Dava, 3402 sayılı Yasanın 46. maddesine dayanılarak, anılan yasada öngörülen sürede, 10.10.1988 tarihinde açılmıştır. Hemen belirtmek gerekir ki, yasalarda getirilen ayrık haller dışında kural olarak, her dava açıldığı tarihte yürürlükte bulunan hukuki ve maddi esaslara göre çözüme ulaştırılır. Bu yön, vazgeçilemez temel bir unsur hukuku ilkesidir. Gerçekten, dava konusu taşınmazın tapulama tespitinin yapıldığı tarihte yürürlükte bulunan 5602 sayılı kanunda, belli koşulları taşıyan bir taşınmaz malın, imarihya edilmiş olduğunun belirlenmiş olması hali, bu yerin imarihya eden adına tespit ve tescili için yeterli görülmüştür. Ayrıca, imarihya yanında, muayyen bir süre ile zilyetlik şartı aranmamıştır. Davacı, kayden 1931 doğumludur. Bu olgu bir yana, 1950 yılından önce, özellikle 4753 sayılı Yasa döneminde bir itirazda bulunmamıştır.
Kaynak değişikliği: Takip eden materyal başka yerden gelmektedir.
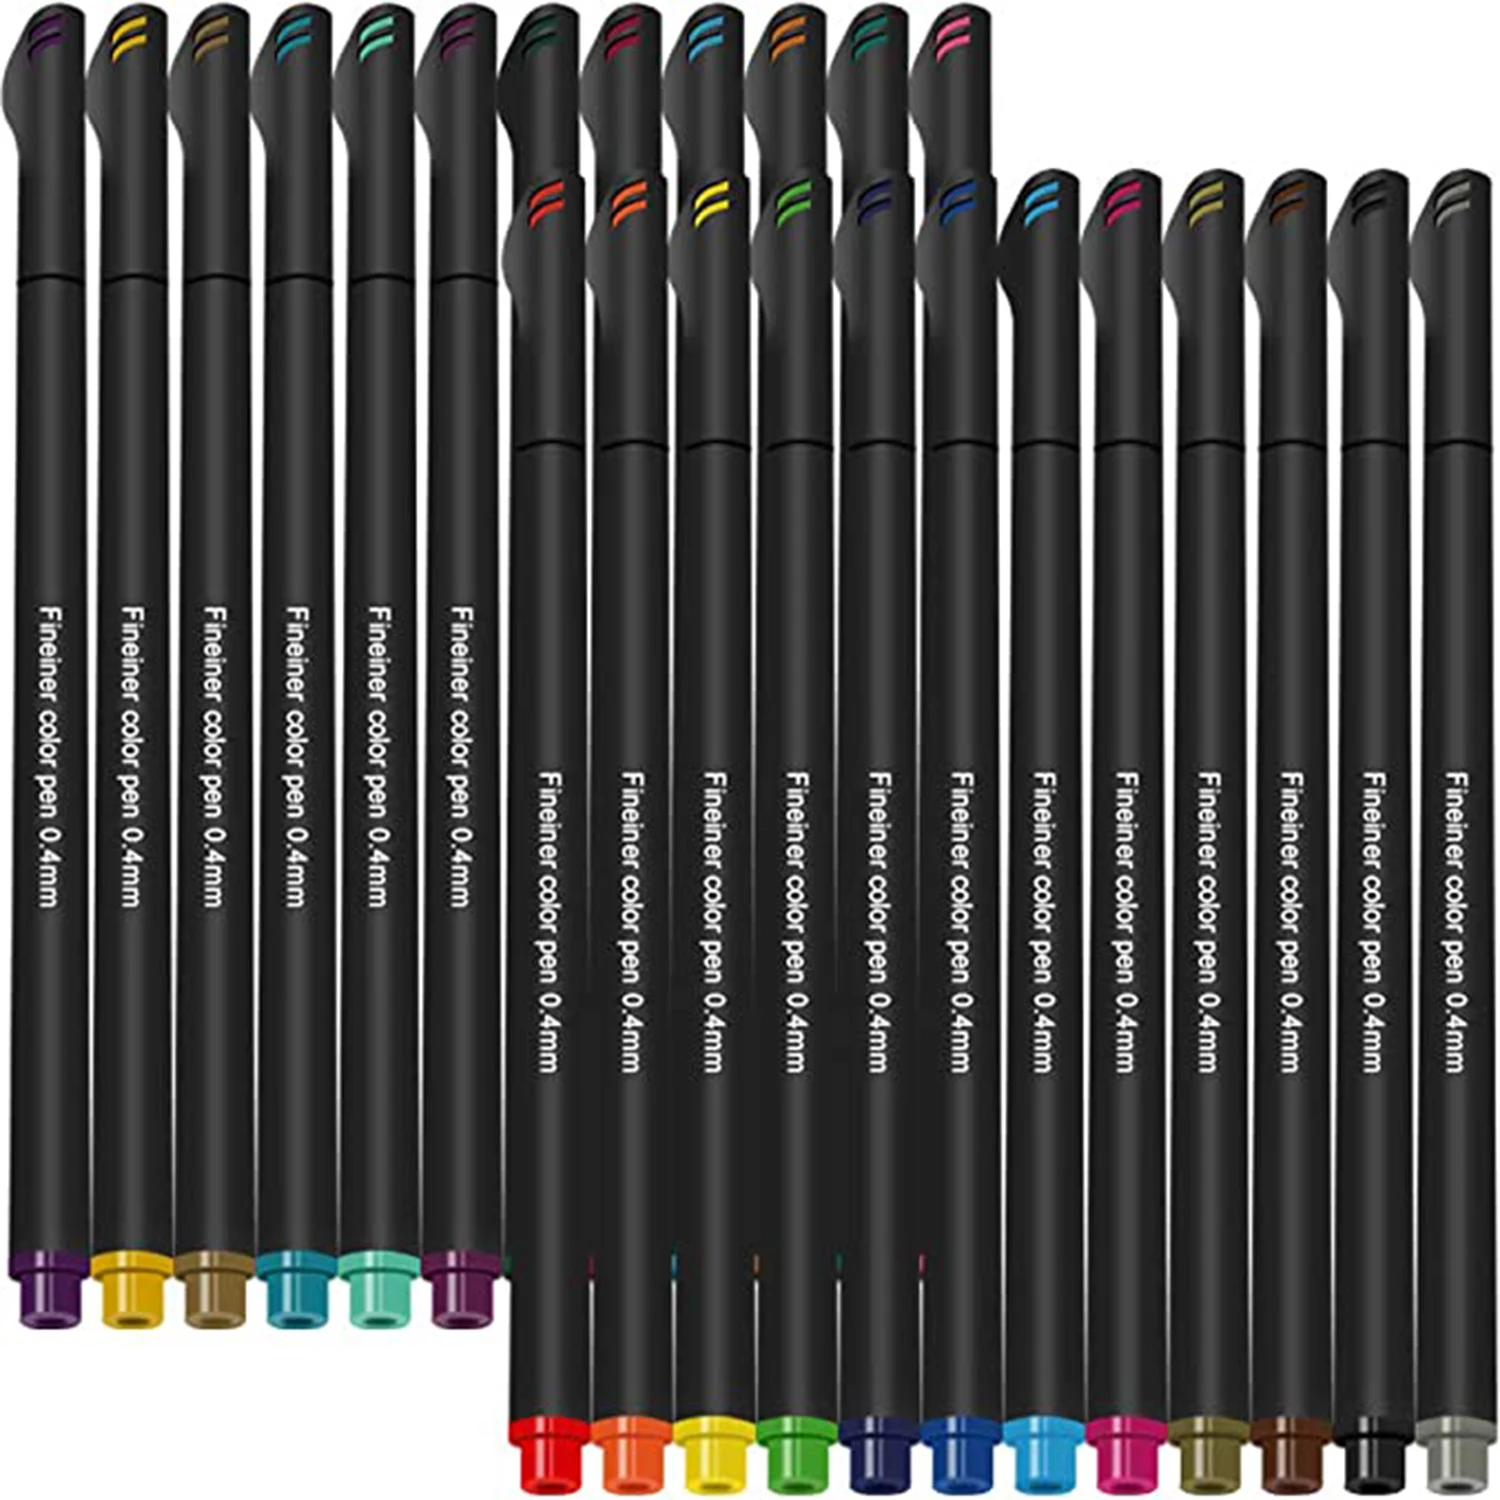 

24 Color Set 0.4mm Micro Tip Fineliner Pen Drawing Painting Sketch Markers Set Fine Line Art Marker Office School Stationery

Ayrıca da, 12.5.1966 tarihinde yürürlüğe giren 766 sayılı Yasa ile tapulama tespitlerine karşı, tespit öncesi sebebe dayalı olarak hak arama durumunda olanlar için getirilen ve 5602 sayılı Yasa döneminde yapılan tapulama tespitlerinde de, eklemeli olarak aynen uygulanması öngörülen 10 yıllık hak düşürücü süre içerisinde de bir açılmamıştır. Bu durumda, davacı yönünden, tespitin yapıldığı tarihte yürürlükte bulunan yasa nedeniyle bir talep hakkı kalmamıştır. Temyize konu dava ise 3402 sayılı Yasanın 46. maddesi hükmüne dayalı olarak açılmıştır. Anılan maddede açıkça, daha önce tapulama veya kadastrosu tamamlanmamış yerlerde 766 sayılı Kanunun 37. maddesi veya 4753 sayılı Kanun ile ek ve tadilleri uyarınca taşınmaz malların, bu Kanun hükümlerine göre doğan iktisap şartlarına istinaden zilyetleri adına tespit ve tescil olunacağı hükme bağlanmıştır. 3402 sayılı Yasanın imarihya ile iktisaba imkan veren 17. maddesinde de açıkça, imar ihyanın aynı Yasanın 14. maddesinde belirtilen şartlarla birleşmesini öngörmüştür.

Somut olayda davacının yaşı, imar ihyanın tamamlandığı ifade edilen tarih ve 1960 olan tapulama tespit tarihi nazara alındığı, 3402 sayılı Yasanın 14. maddesindeki koşulların davacı yararına gerçekleşmediği açıkça anlaşılmaktadır.

Bu itibarla, çekişmeli taşınmazda, tespiti müteakip süresinde itiraz ve dava hakkı kullanılarak, hukuki ilişkiye girilmediğine ve davanın açıldığı 3402 sayılı Yasa yönün den ise imarihya ile iktisap koşulları gerçekleşmediğine göre, Hukuk Genel Kurulunca da aynen benimsenen Özel Daire bozma kararına uyulmak gerekirken, önceki kararda direnilmesi doğru değildir.

O halde, usul ve yasaya uygun bulunmayan direnme kararı bozulmalıdır.

Davalı Hazine vekillerinin temyiz itirazlarının kabulü ile direnme kararının, özel Daire bozma kararında ve yukarıda gösterilen nedenlerden dolayı BOZUL MASINA, (YHGK. 27.11.1991 T. 8-478 E. 595 K.)